Hemagglutinin Function

  • Functions as a spring-loaded mechanism that undergoes conformational changes.

  • Pre-fusion and post-fusion structures (HA, fused membrane, and fusion peptide).

  • Protonation releases the fusion peptide, leading to membrane fusion.

Part 2: Myoglobin and Hemoglobin

Myoglobin

  • Single heme prosthetic group contributes to its hyperbolic O2 binding curve.

  • Higher affinity for oxygen than hemoglobin at all oxygen pressures.

Hemoglobin

  • Exists in deoxy (T) and oxy (R) conformations, affecting O2 binding affinity.

  • Binding of O2 induces conformational changes, promoting cooperative binding and yielding a sigmoidal O2 binding curve.
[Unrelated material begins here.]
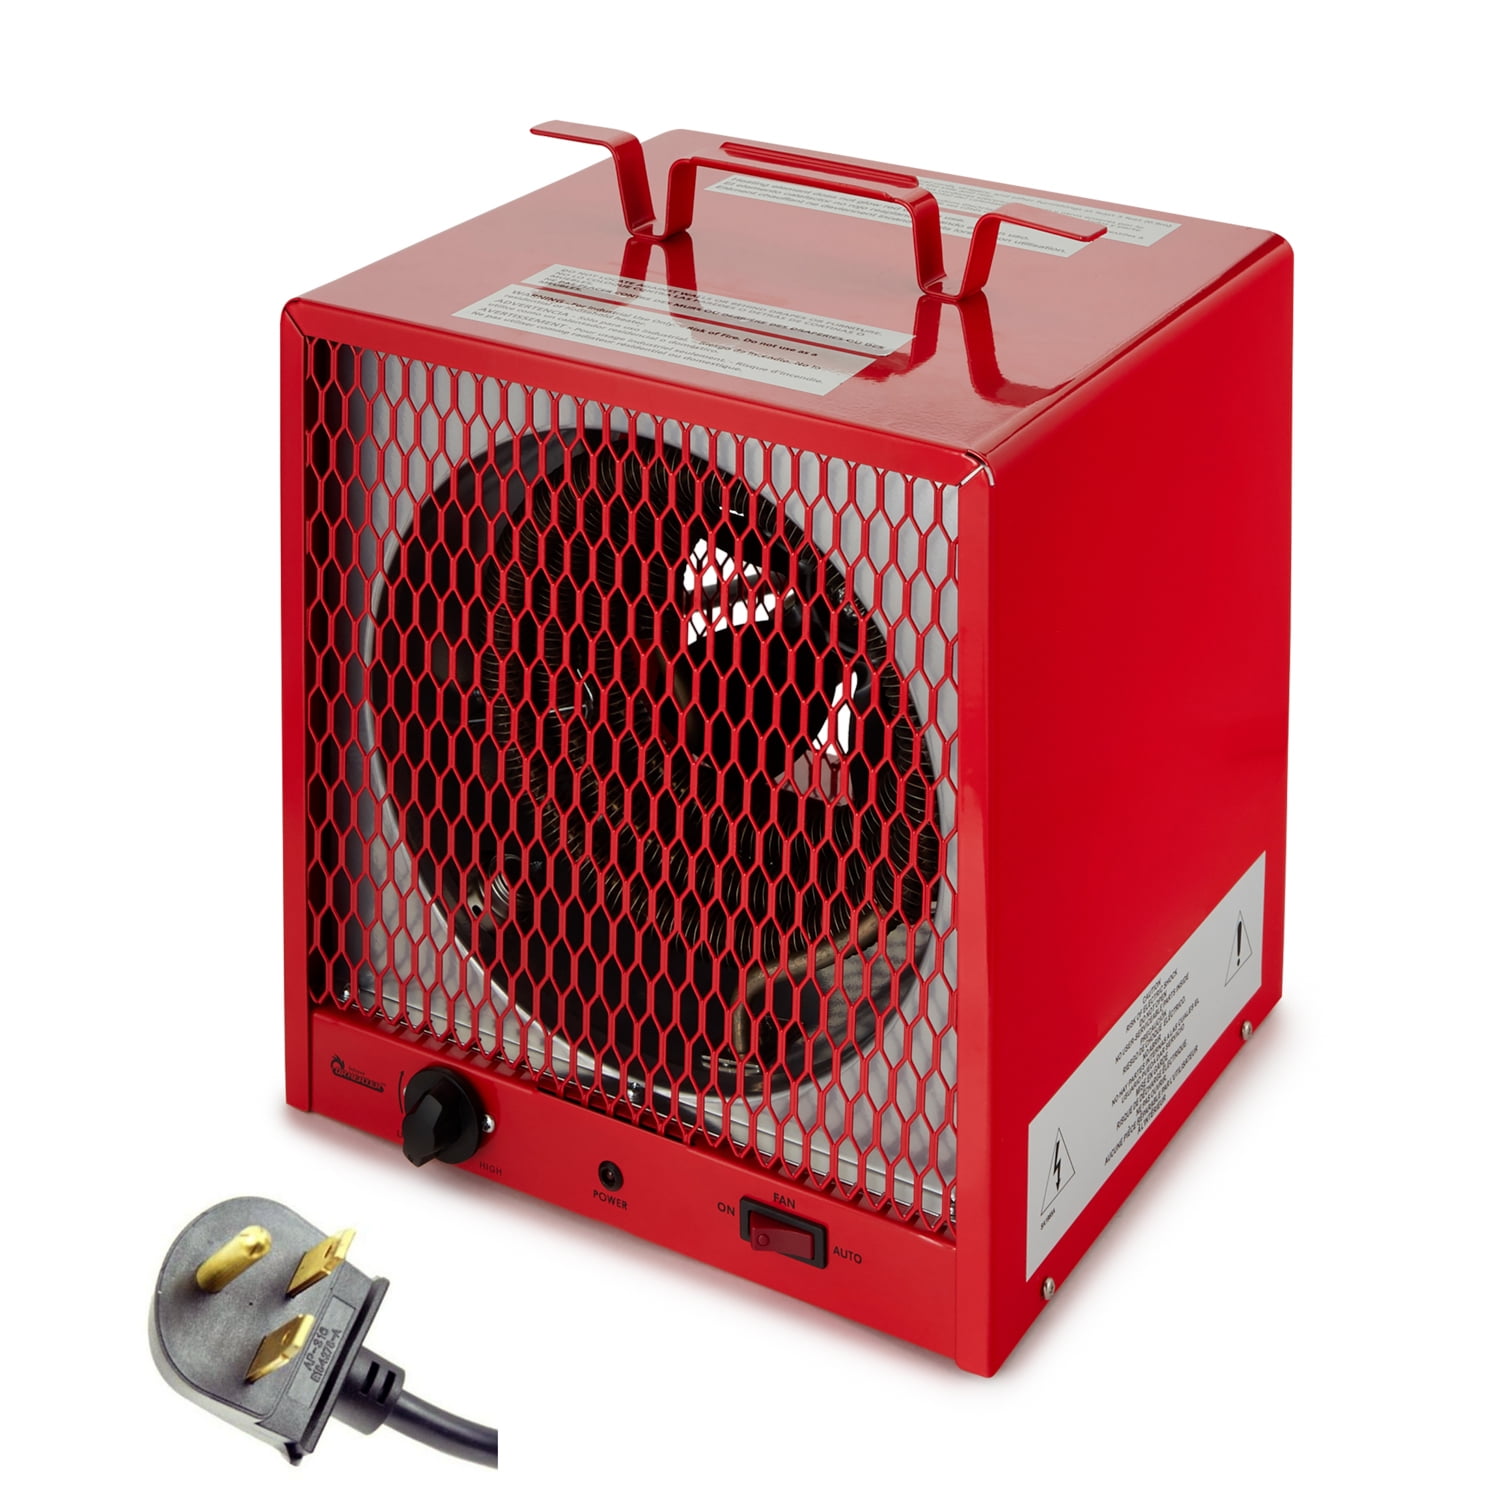 Dr Infrared Heater 240 Volt 5600 Watt Garage Workshop Portable Space Heater 
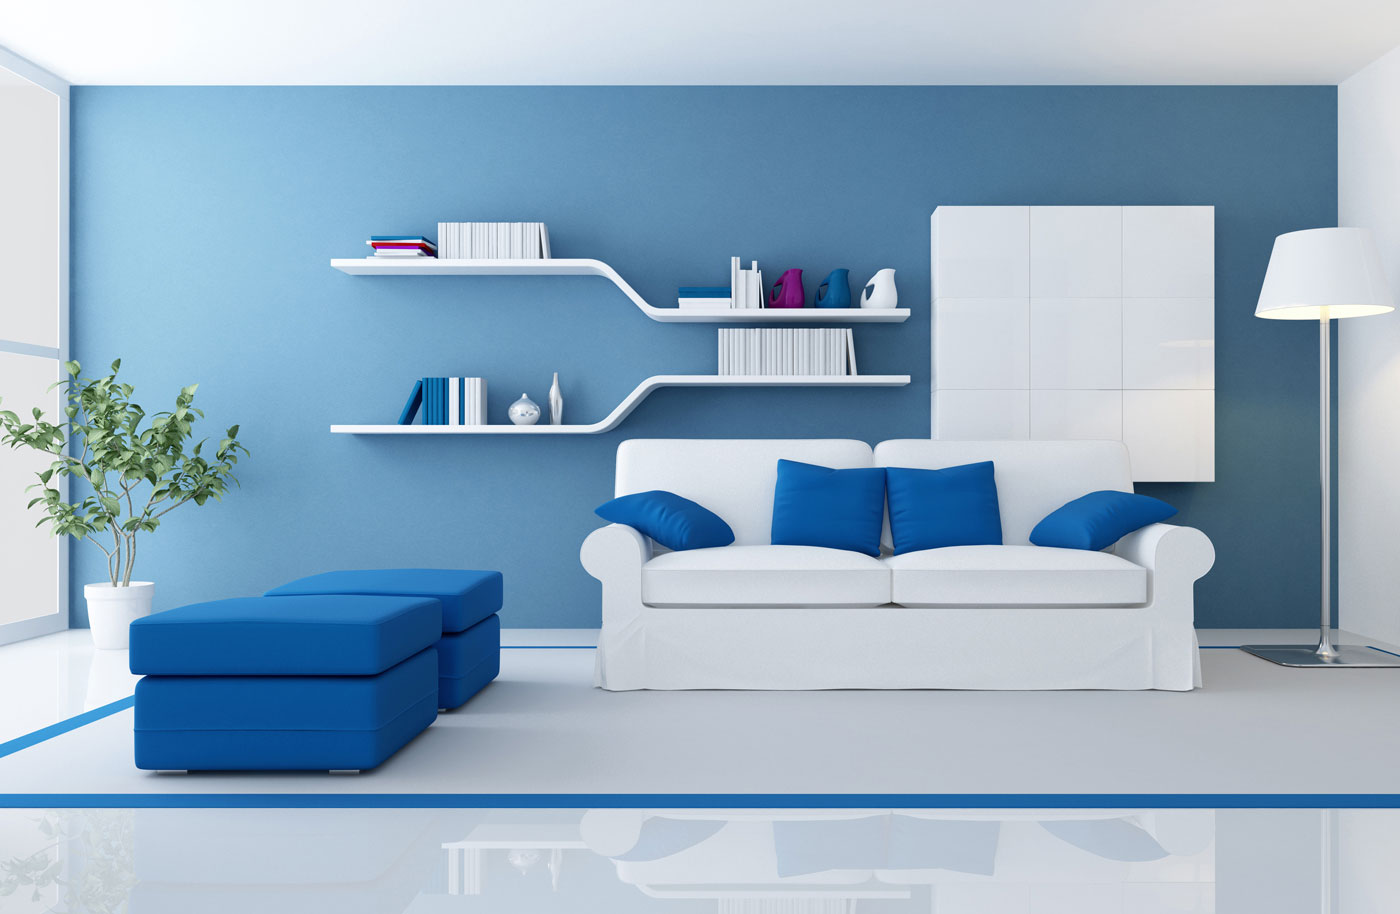 Với dịch vụ sơn ngói Bluezone chất lượng cao của chúng tôi, ngôi nhà của bạn sẽ trở nên đẹp và bền chắc hơn bao giờ hết. Bạn sẽ không phải lo lắng về các vấn đề như rò rỉ, bám bụi hay mực nước nữa.

  • Influences of Bohr effect and BPG on hemoglobin's oxygen binding affinity.

Structural Overview

  • Myoglobin: Monomeric with 153 amino acids and a molecular weight of 17,200.

  • Hemoglobin: Tetrameric structure with two alpha and two beta chains (141 residues each for alpha, 146 for beta).

Cooperative and Allosteric Binding

  • Oxygenation alters the structure of hemoglobin leading to cooperativity in oxygen binding.

  • Bohr Effect explains how CO2 and H+ influence oxygen release in tissues and binding in lungs.

  • 2,3-Bisphosphoglycerate (2,3-BPG) acts as an allosteric effector of hemoglobin, affecting its oxygen binding curve.

Pathological Conditions

Sickle-Cell Anemia

  • Caused by a mutation in the β-chains of hemoglobin (Glu to Val).

  • Results in crescent-shaped red blood cells that impair circulation.

  • Sickle-shaped cells derive from polymerization of Hb S which can lead to severe tissue damage.

Treatment Approaches

  • Hydroxyurea promotes production of fetal hemoglobin (Hb F) which does not sickle cells.

Summary of Key Points

  1. Myoglobin is for oxygen storage, while hemoglobin is for transport, regulated allosterically.

  2. Fetal hemoglobin has higher oxygen affinity due to lack of BPG binding.

  3. Sickle-cell anemia illustrates the effects of mutations in hemoglobin structure, linked to malaria resistance.